Over the past few days, as I sat there lost in my contemplation of the nesting birds, I also heard baby cries from the neighbourhood. A young family lives a few houses away who have probably just had a baby. So I’m sitting there in Bristol, in the neighbourhood with all the houses and streets, and suddenly I realise how wonderful this world is. The nesting birds, the baby cries – it touched me deeply. This world is full of wonders and is actually wonderfully made.
That doesn’t occur to me every morning, for example when I listen to the news on the radio or sit at my desk and think about the world. Sometimes I ask myself where God actually is, whether he still exists at all?
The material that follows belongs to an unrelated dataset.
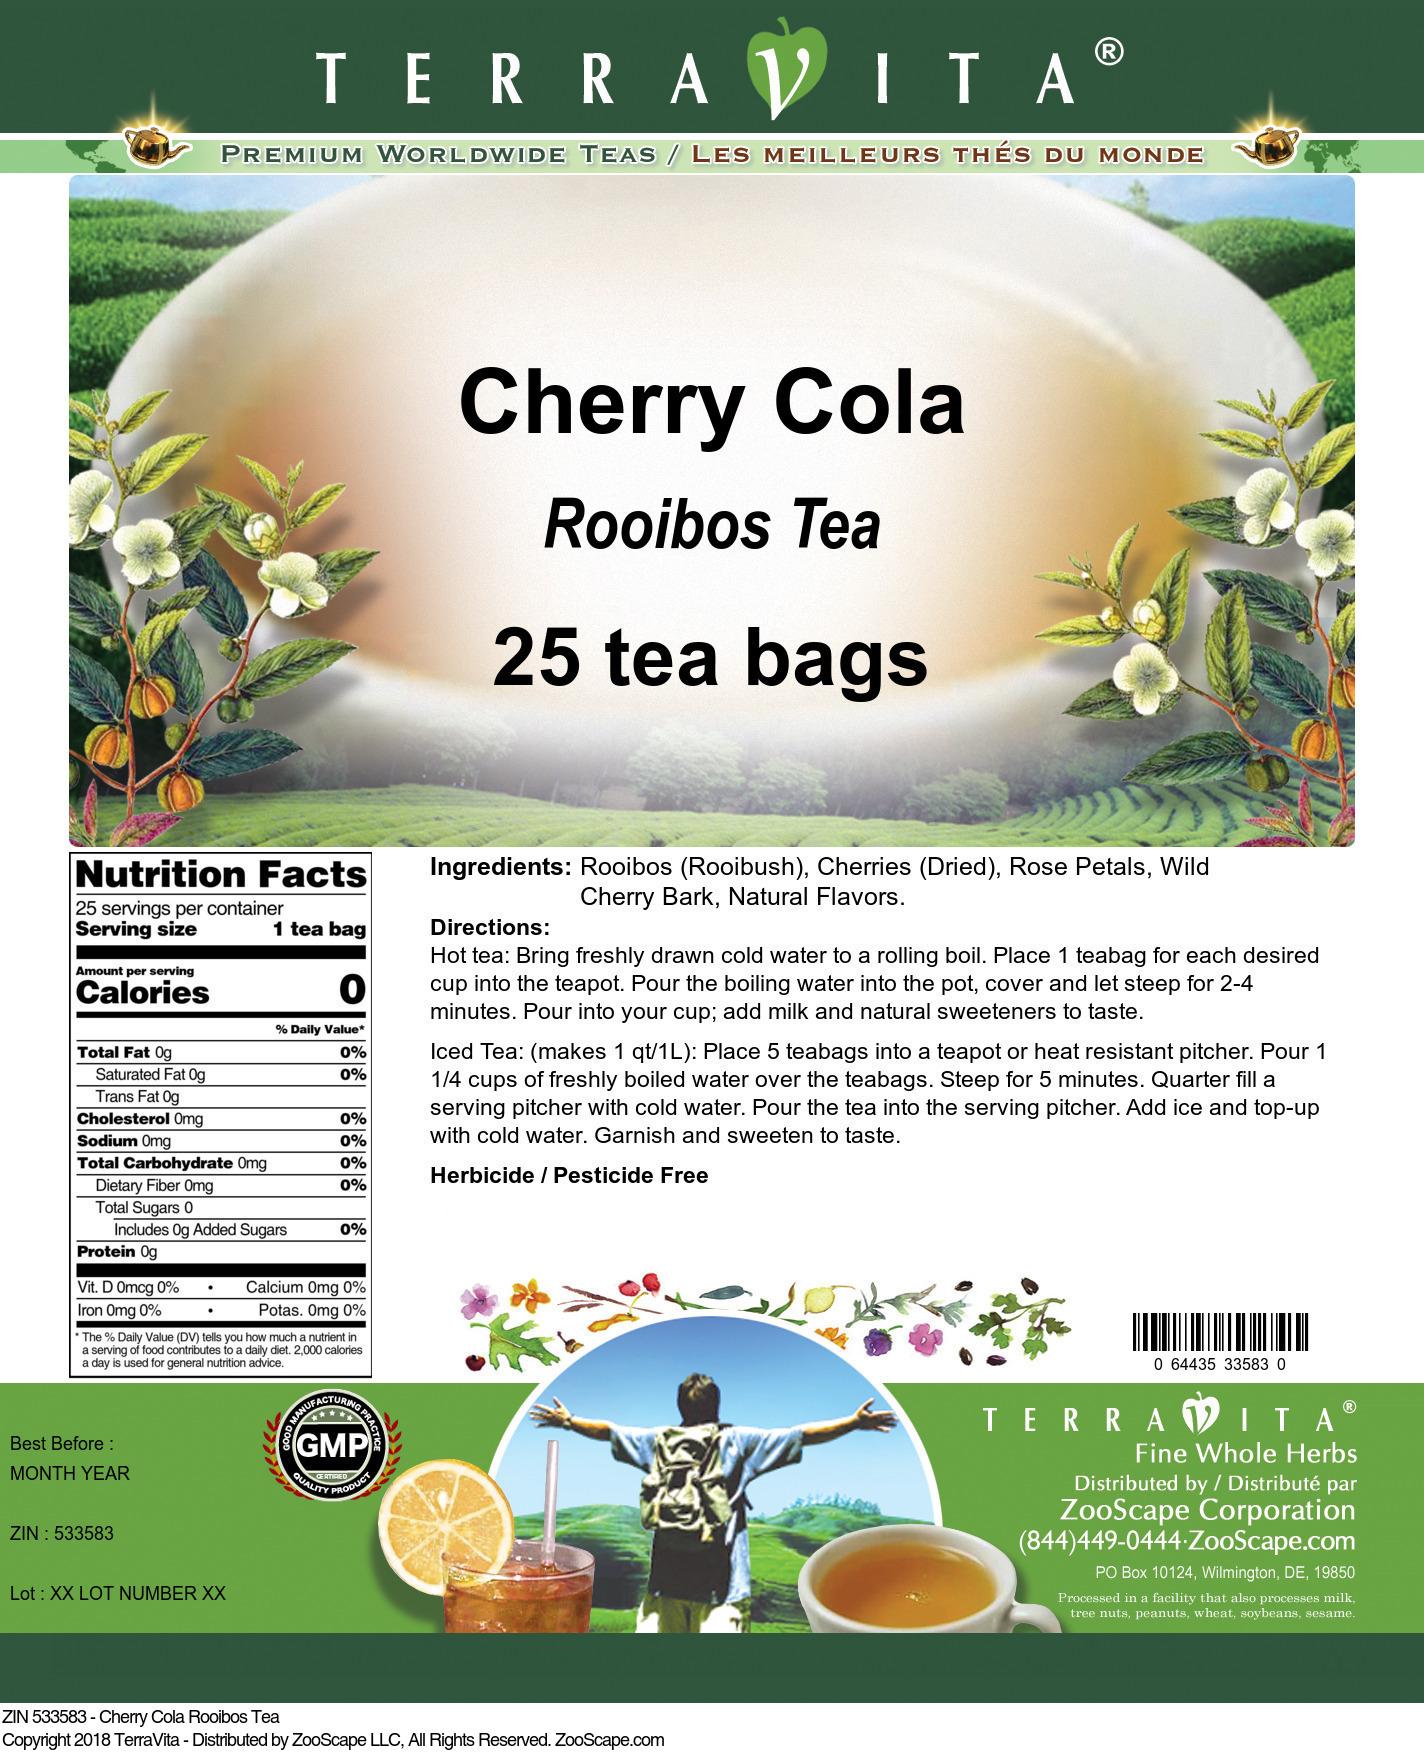 Cherry Cola Rooibos Tea
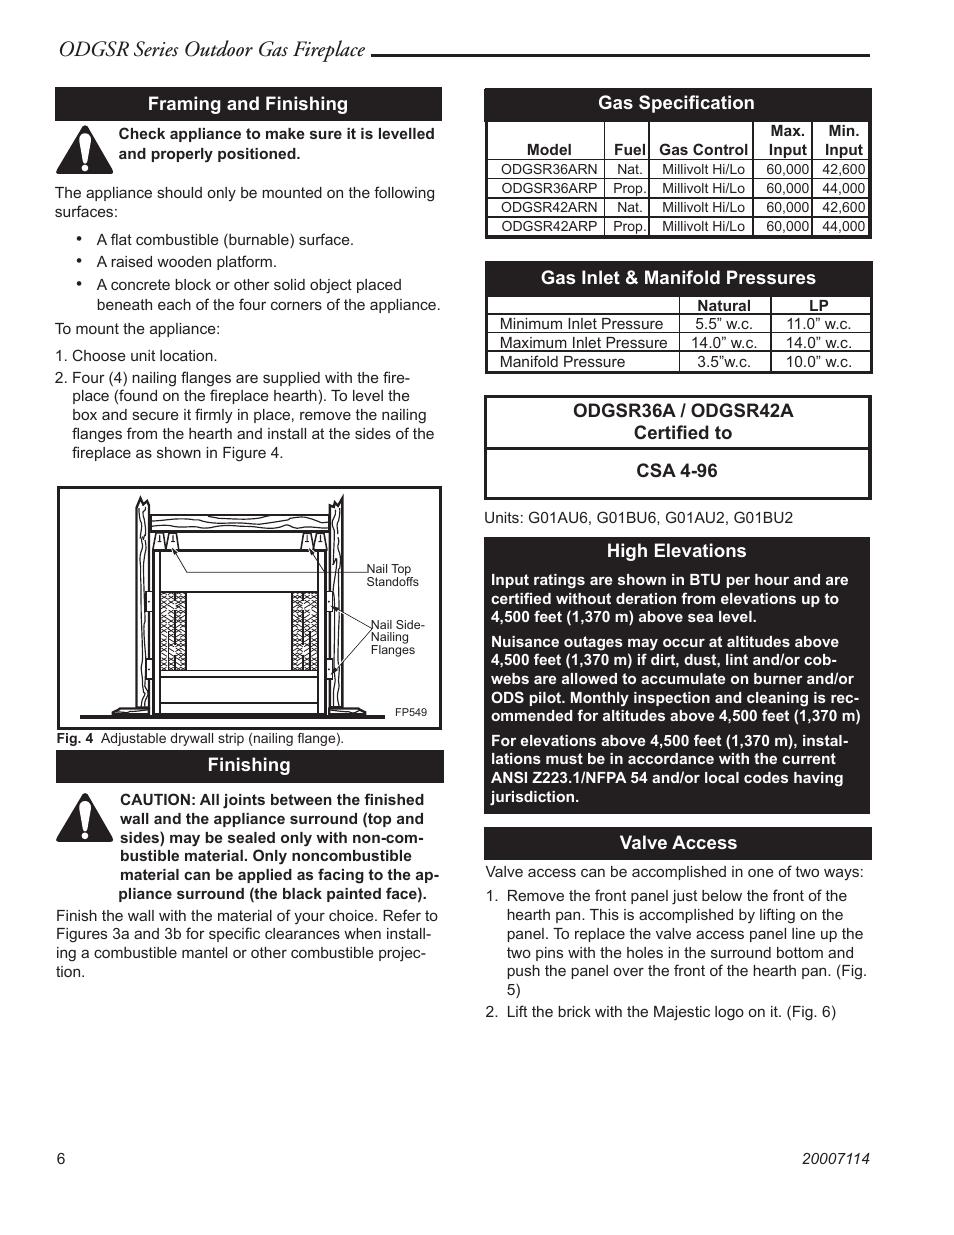 majestic appliances odgsr36a page6

All the suffering, all the inadequacies, the problems of our human world that are as old as human memory. Sometimes it’s like a veil over ones eyes or a weight on ones soul.
That’s why I’m glad that I just sat there during these spring days to watch these beautiful little birds looking after their young. It made me realise anew the image that God has given us: He holds me in his hand, just as he holds all of creation in his hand. I am also a creature of God, just as wonderfully made, unique, just like all of us, each and every one of us. Just as we are promised in our baptism: God says: I know your name, you are my beloved child. Not only loved by your parents, but by me as your creator. I hold you in my hand.
We are celebrating the feast of the Holy Spirit, the feast of Pentecost. For me, it was a flash of inspiration this week. I felt touched by God’s spirit in this observation and in this realisation. In everything that is dark and often depressing in this world, it becomes clear again and again how wonderfully it is made by God. God, who wants life for all of his creation, who gives us love and wants us to feel that we are loved. Amen.